В начале войны на Донбассе я очень недоверчиво наблюдал за ситуацией. Думал: поиграются, и все закончится. Родители тогда мне все время говорили, мол, как я могу так равнодушно относиться к тому, что происходит. Но тогда я не видел себе применения. Когда в новостях передали, что 40 КАМАЗов с боевиками пересекли границу нашего государства, - собрал вещи и поехал…
«Донбасс» был на тот момент первым добровольческим батальоном и самым распиаренным в интернете. 1 июня я уже был в Новых Петровцах, где тренировали добровольцев батальона. Вещей с собой практически не имел: какой-то спортивный костюм и кеды. Форму и берцы нам выдали где-то через неделю-полтора после прибытия. Сначала дали «Дубок», через три дня она разошлась по швам. А потом волонтеры привезли б/у Multicam, в которой я прошел все АТО. Сейчас моя форма находиться в государственном музее истории Украины во Второй мировой войне (в Киеве – ред.).

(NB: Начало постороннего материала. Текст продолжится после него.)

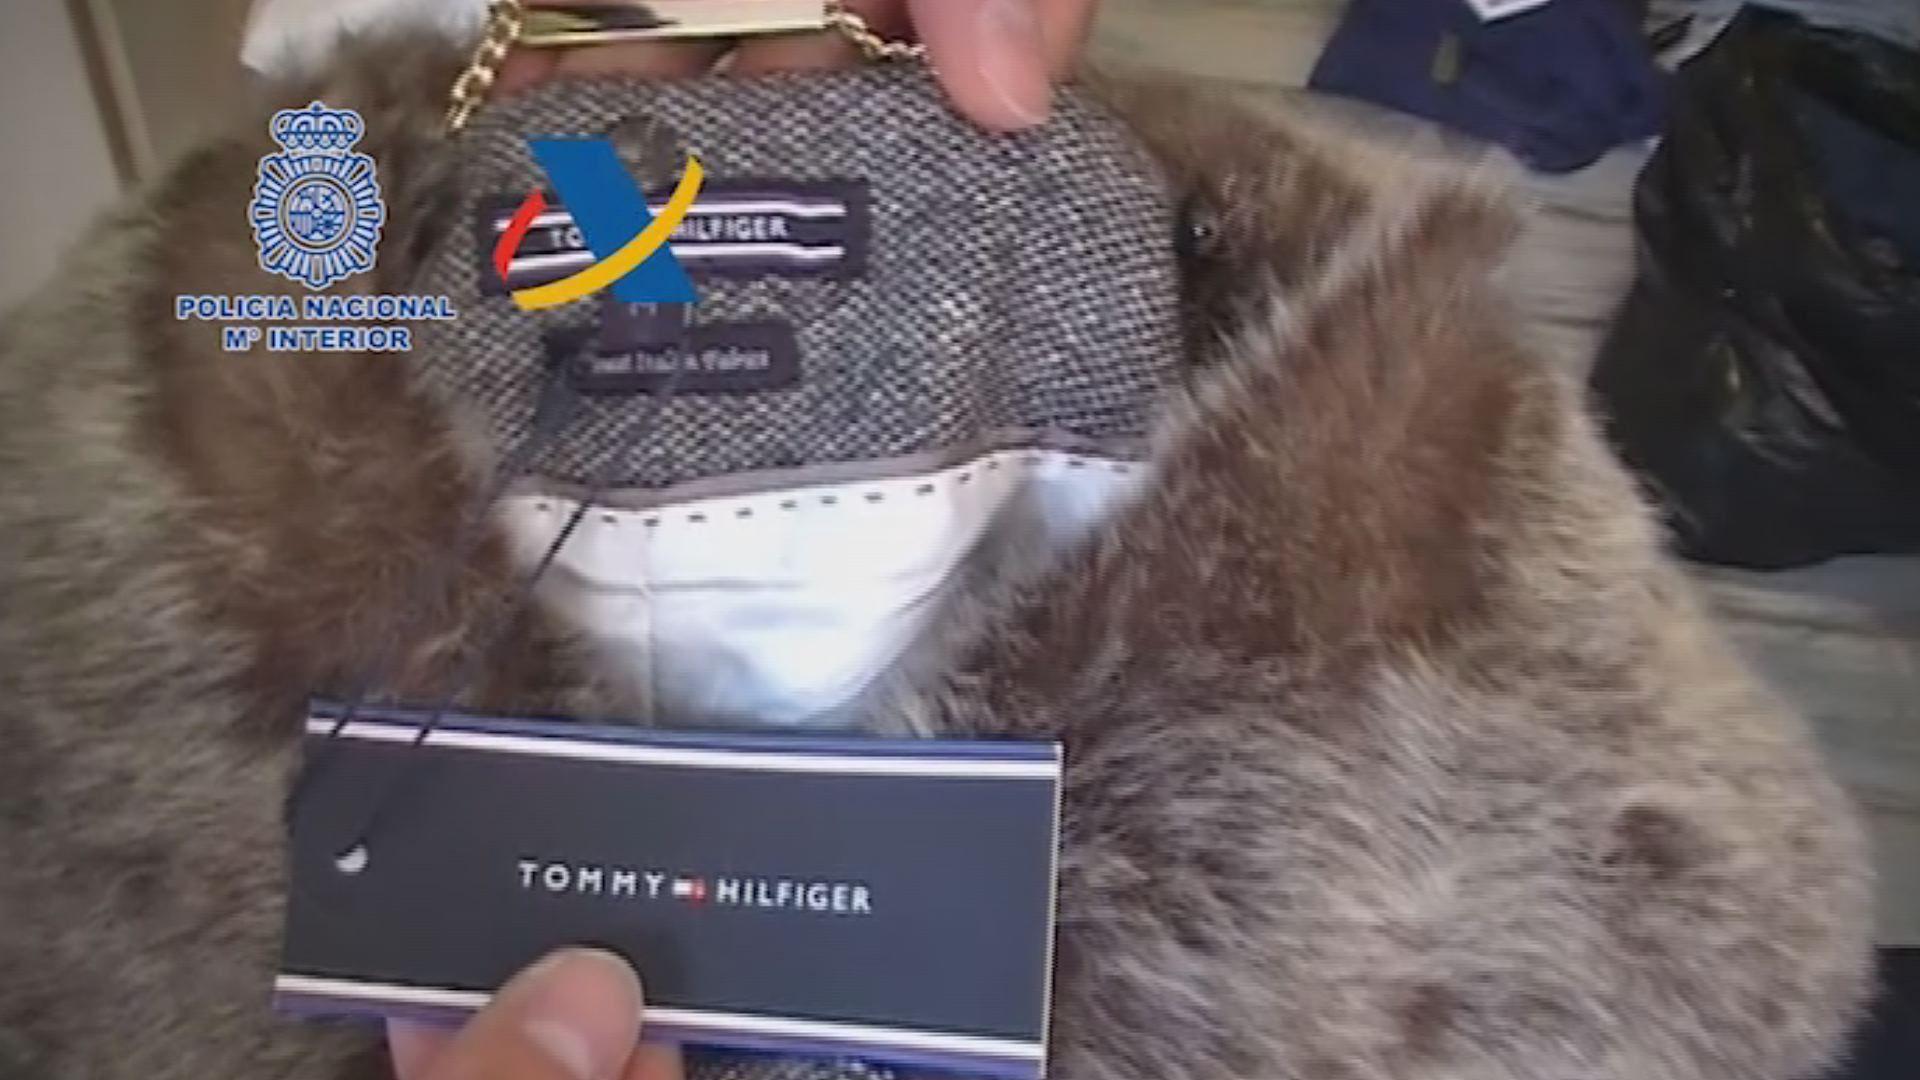 ¿Serías capaz de distinguir si estos productos son falsos?.Alijo de droga apresado en Punta Arnela (Muxía) y descargado en el puerto de A Coruña durante la operación Tabaiba en el 2009.

Отбора как такого в батальоне не было. Все проходили собеседование. В основном, нас спрашивали о мотивах пойти добровольцем на войну. Честно говоря, это было на уровне шарлатанства. Собеседованием занимался «Нерв» (позывной), он ранее принимал участие в боевых действиях, кажется, в Казахстане, где сопровождал караваны.

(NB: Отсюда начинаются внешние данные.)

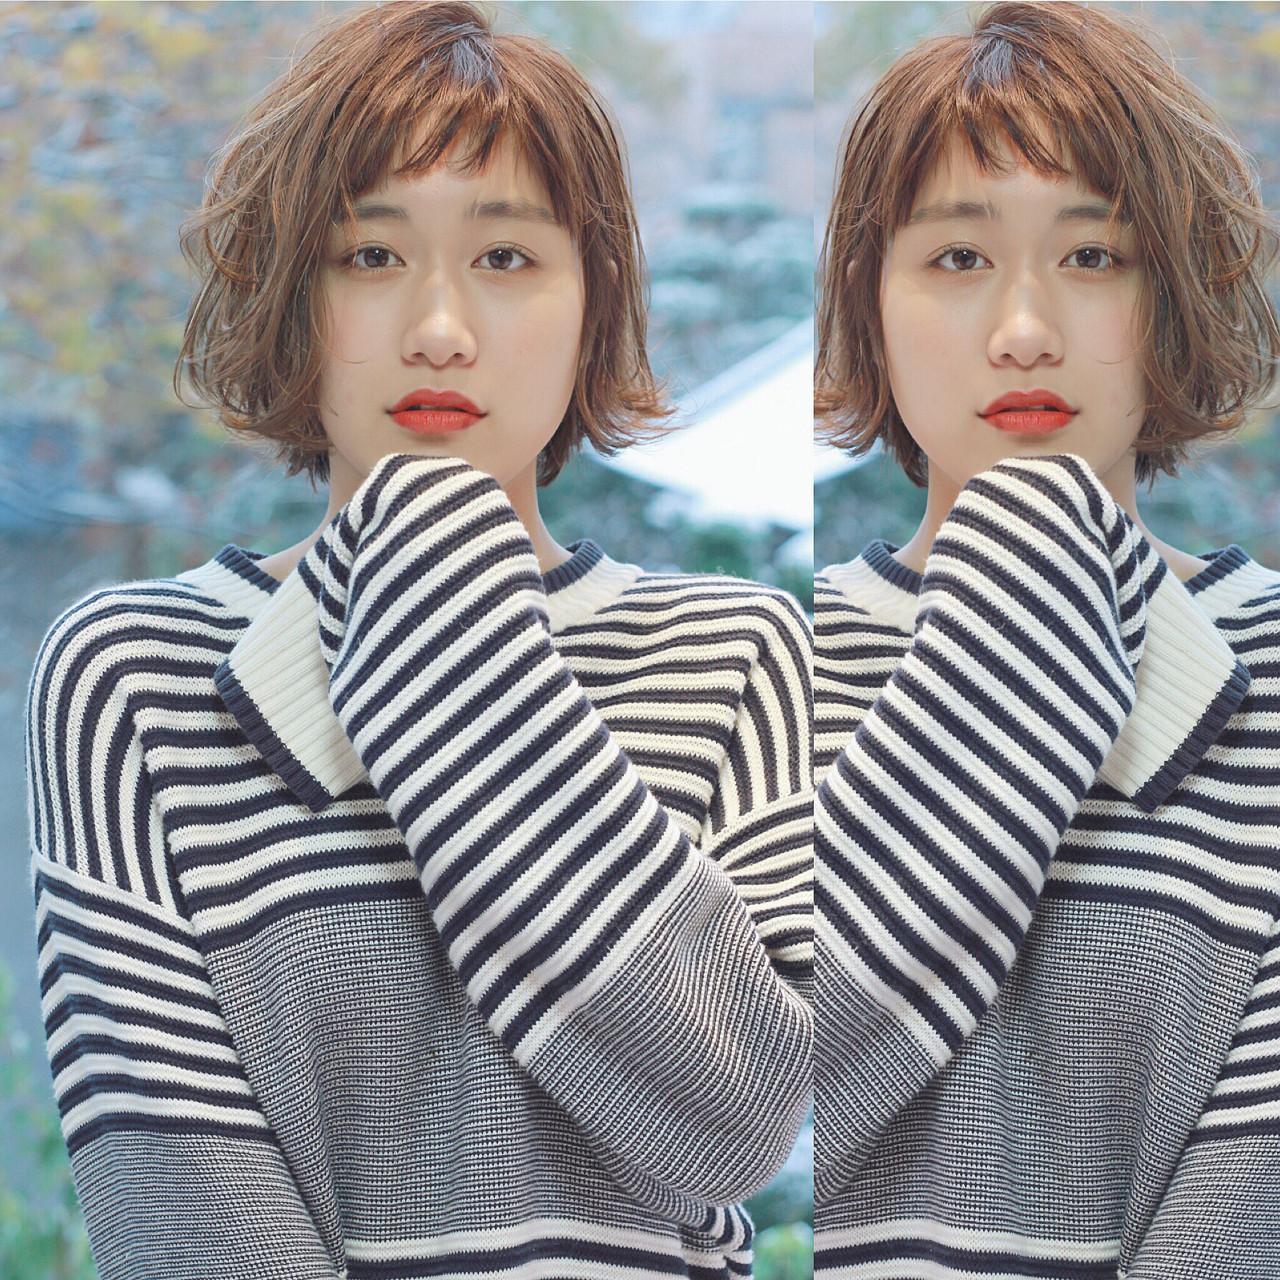 ウルフカット 外国人風 ガーリー イルミナカラーヘアスタイルや髪型の写真・画像

И вот при мне он разговаривал с парнем (впоследствии у того парня был позывной – «Мирный»). Спросил его тоже, что и остальных: «Зачем ты пришел в батальон?» Тот эму отвечает: «Ну, мне интересно пострелять, повоевать…» «Ты – щегол, не понимаешь ничего! Таким, как ты, оружие давать нельзя…», - кричал на него в ответ «Нерв», указывая ему на дверь. «Мирный» все же настоял на том, чтобы его взяли, и позже был в штурмовом подразделении батальона. До этого времени я и весь боевой состав нашего батальона относится к «Мирному» с уважением.
Много добровольцев ушло на этапе формирования батальона, потому что процесс отбора не был нормально организован. Я не виню в этом ни Семенченко (командир батальона “Донбасс”, ни Власенко (начальник штаба). Это был первый опыт. Проблемы в тренировке бойцов батальона возникали, в том числе, из-за Нацгвардии, которая ставила нам палки в колеса.
К примеру, во время тренировок нам давали по три-четыре патрона на стрельбы. Когда выезжали на передовую, они нас часто блокировали, не разрешали выезжать…
«Мы воевали: стадо – на стадо»
В армии я был механиком-водителем танка. Когда пришел в «Донбасс», танками там и не пахло. Поэтому пошел в БТРщики, был командиром машины БТР. У нашего подразделения была БРДМ без вооружения. Ну, мы ее называли бронированным такси (смеется – ред.). Постоянно ездили на передвижные блокпосты. Так что с личным составом батальона практически не пересекались.
Попасть в наш бронетанковый взвод было не так просто. Я ходил к «Филину» (Власенко – ред.) пять или шесть раз, убеждал его, что могу отремонтировать любую бронетехнику. Но, как ни странно, туда выбирали только по возрасту, росту и телосложению. Должны быть молодыми, здоровыми и красивыми. Штурмовиков и разведчиков выбирали по тем же признакам. Как будто бы на свидание… (смеется – ред.). Все остальные – шелупень, их «кидали», куда попало. Но я все же добился своего.
17 июля мы приехали в Артемовск. Когда едешь вглубь «серой зоны», испытываешь легкий мандраж. По прибытию на базу эти ощущения пропадают. Ты – либо в процессе подготовки к какой-то операции, либо спишь или ешь… Лежать и плевать в потолок не приходилось.
В день нашего прибытия ребята из нашего батальона ходили первый раз освобождать Попасную. Неудачная была попытка. И когда они вернулись в Артемовск, - было куча эмоций, нервов, матов… Попали они там в крутой переплет, несколько человек тогда погибло, были и раненые. А на следующее утро наше подразделение поехало на передвижные блок-посты. В Артемовске и по округе тогда было тихо-мирно.
Мы ехали по дороге, которая ведет к Иловайску. Продвинулись к карьеру и остановились на развилке. Неподалеку, по нашим сведениям, было максимальное скопление боевиков. Но долго там не задержались, поехали на очередной штурм Попасной.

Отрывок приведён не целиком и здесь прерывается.